Capítulo 12: Final

Exhalé profundamente, viendo indiferente el halo que escapaba de mis labios. Tenía mis brazos entumecidos por el frío y la ropa sucia por la tierra húmeda en la que estaba sentado. Probablemente lucía como un idiota, puesto que me hallaba de esa manera aún teniendo la banca del parque apoyada en mi espalda, pero era la única posición que me dejaba ver aquella hermosa panorámica del cielo nocturno sobre mí.

Llevándome mis pasos ya lo suficientemente lejos como para volver a sentir más que solo remordimiento, me di cuenta que no sabía a donde ir.

No quería ver el rostro de quienes me esperaban en casa.

No podía volver al cementerio ... él ya debería mejores visitas que yo.

Mordí mi labio como castigo por cada una de las palabras que salieron sin consentimiento de la razón horas atrás. Había planeado y repasado tantas veces lo que se supone que debió haber pasado, sin embargo, en ese momento solo la culpa pudo hablar.

¿Qué podía hacer ahora?

¿Volver? ¿Llorar? ¿Disculparme ...?

No ... él ya no quiere saber nada más de mí.

Cerré los párpados, parecían más pesados de lo usual, como si tampoco quisieran ver lo desolada que se había vuelto nuestra visión cuando días atrás solo eran colores y amable tranquilidad.

¿Qué pensar ...?

¿Aún puedo recordar? ¿Tengo derecho a eso?

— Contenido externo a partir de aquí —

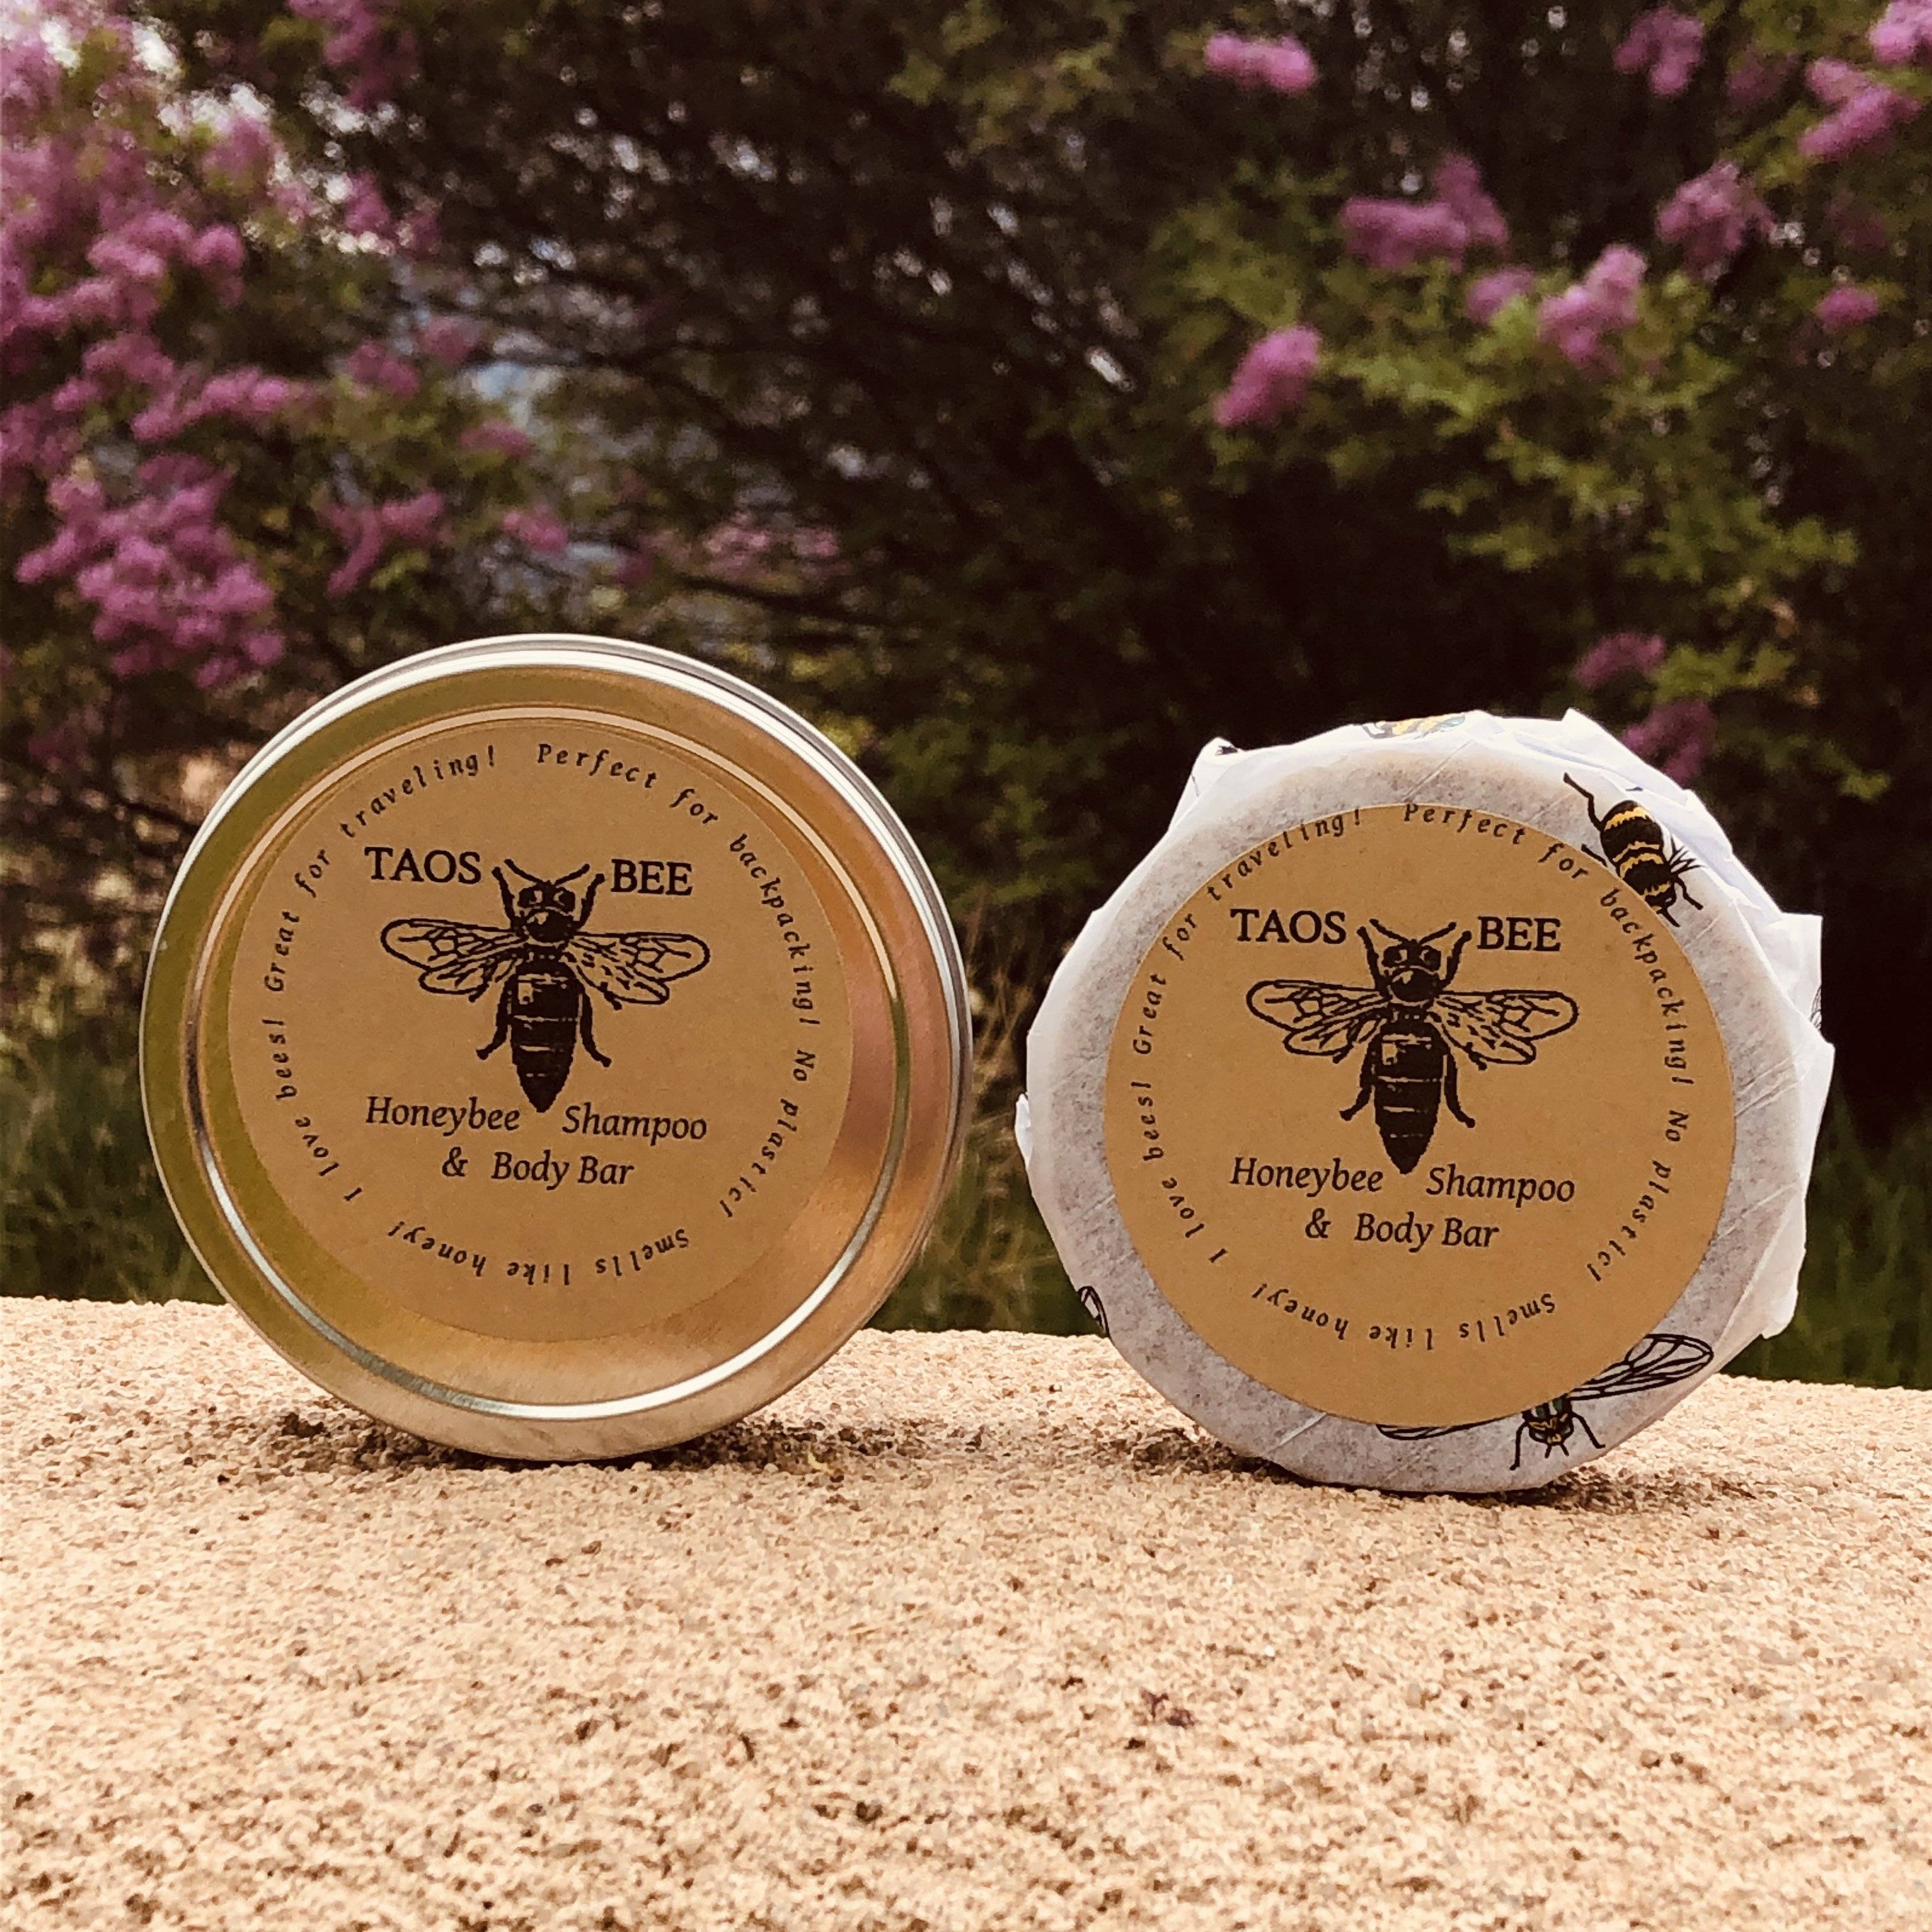 Honeybee Shampoo and Body Bar – Cleans and Conditions Naturally

Tal vez lo mejor sea no pensar nada.

Ah ... pero ahí va ese molesto latido de nuevo, como si mi corazón estaba advirtiéndome que se estaba rompiendo en pedazos y, si no hacía algo al respecto, terminaría solo en fragmentos imposibles de volver a reunir.

Sentir ...

No ... duele tanto que prefiero no volver a hacerlo jamás.

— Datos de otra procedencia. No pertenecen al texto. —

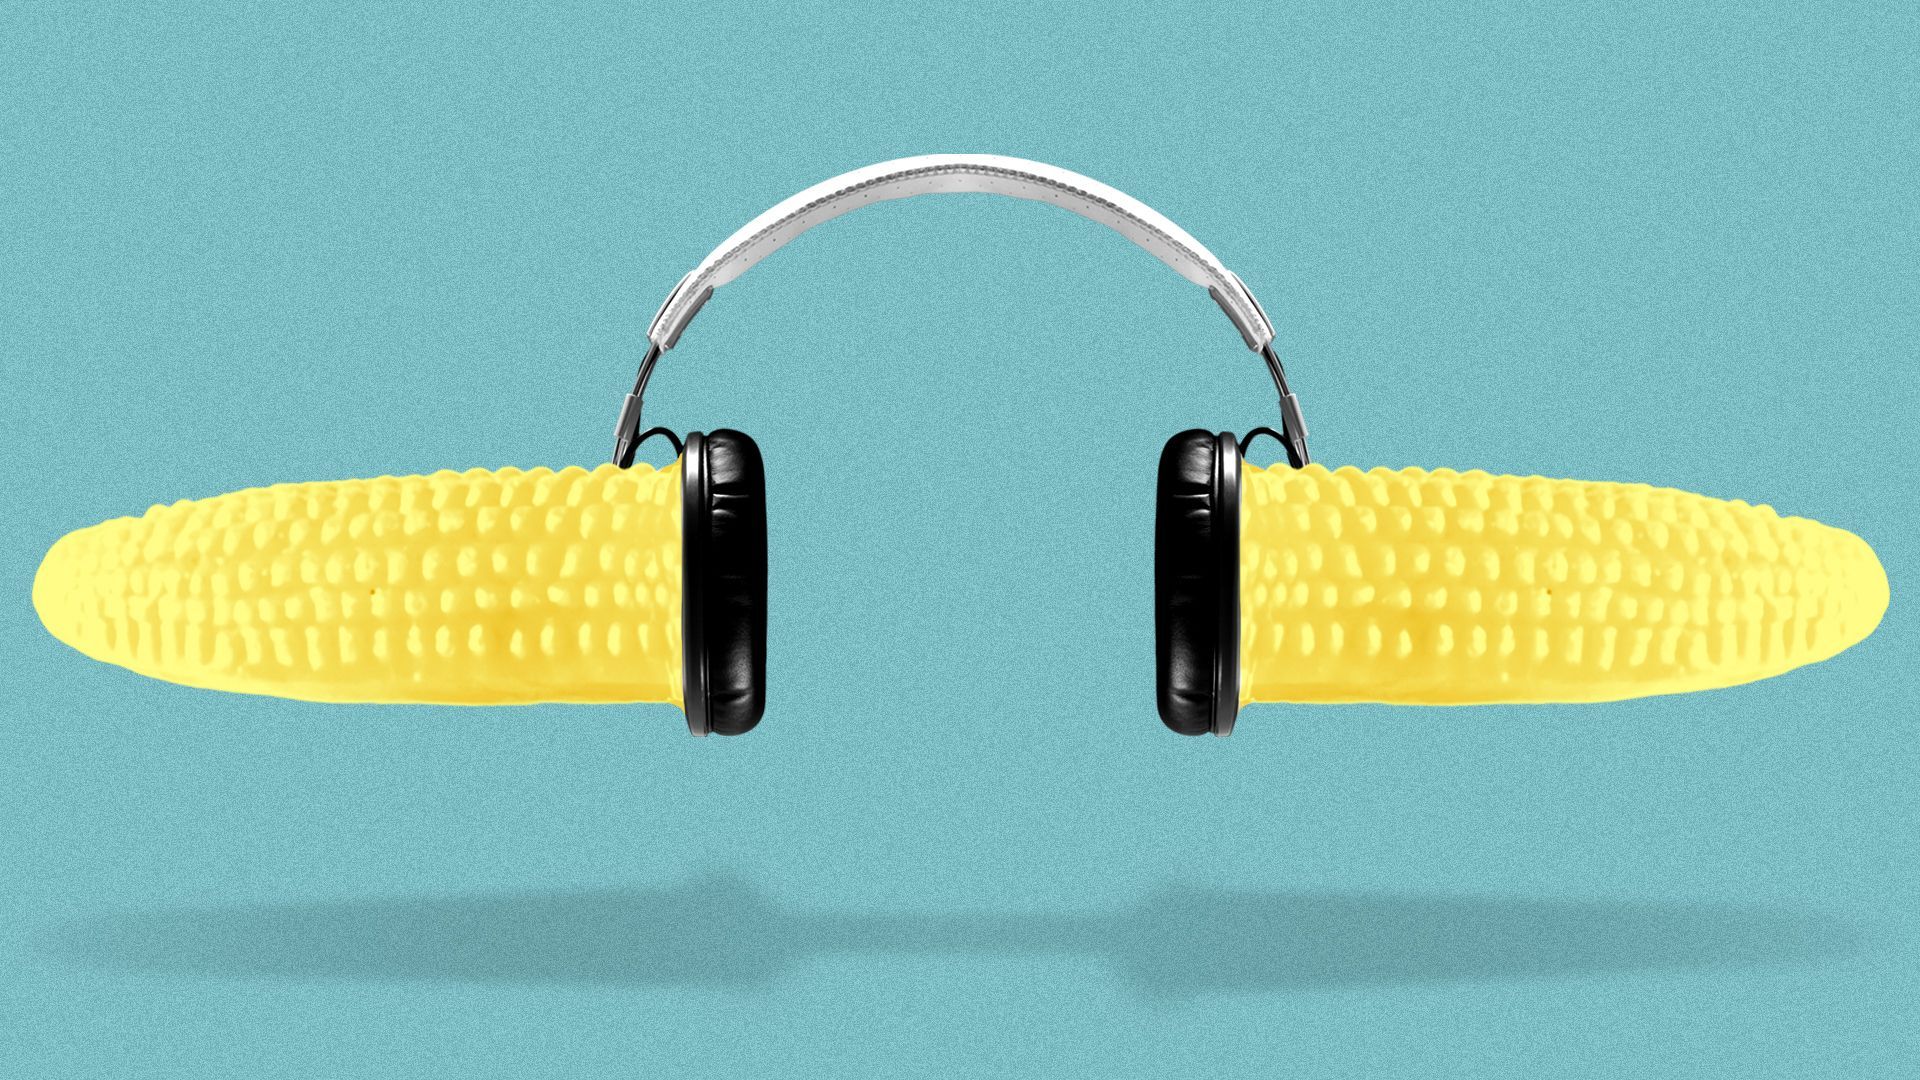 Illustration of a pair of headphones with plastic corn cob holders sticking out of them.

Terminé por dirigir mi vista al silencioso cielo, tan majestuoso en su oscuridad, como si no le temiera a sus propios límites. Inconscientemente comencé a contar estrellas. Me aliviaba pensar que podría estar así cuanto quisiera, sin complicados sentimientos ni angustiosos recuerdos.

Oh ... seguía siendo tan cobarde.

- Tetsuro, tú siempre serás la estrella favorita de mamá.

Pude ver su figura de nuevo, su melena azabache caer sobre sus hombros, haciendo que su sonrisa quedara oculta parcialmente por aquellas finas hebras oscuras.

- Mamá ... ¿qué puedo hacer? Ya estoy tan cansado de equivocarme siempre.

Vi un destello triste en sus iris aceitunados, a la vez que sintió sus brazos rodearme con parsimonia, transmitiéndome una calma que dolía.

- ¿Ya ... no puedo solo rendirme y quedarme contigo?

Ella solo estrechó aún más el abrazo, antes de soltarme y dejar algo en mis manos.

- Yo ya dejé de escribir— Dijo con una sonrisa nostálgica, haciendo un gesto para que vea lo que me había entregado—. Fue la historia más hermosa. Mi corazón siempre me las muestra, aquellas fotografías donde sales tú y tu padre ocupando toda la memoria— Añadió riendo.

Bajé la mirada hasta el pequeño bolígrafo que reposaba en mi mano.

- Ahora te toca a ti.

- Ella tiene razón, Kuroo.

Me sobresalté al ver su silueta ahí también, como si mis miedos se hubieran materializado en sus ojos ámbar, solo que estaban lucían calmos, incluso más de lo que eran vivo.

- Boku ...

- Kuroo ... tienes cara de idiota, como si hubieras visto un fantasma.

Yo abrí mi boca sin saber qué decir, ¿tal vez me había golpeado con la banca al quedarme dormido? ¿Estaba muerto yo también?

Mi amigo pareció entender mi confusión, pero no halló mejor solución que largarse a reír, a lo que yo seguía tratando de encontrar una forma de reaccionar.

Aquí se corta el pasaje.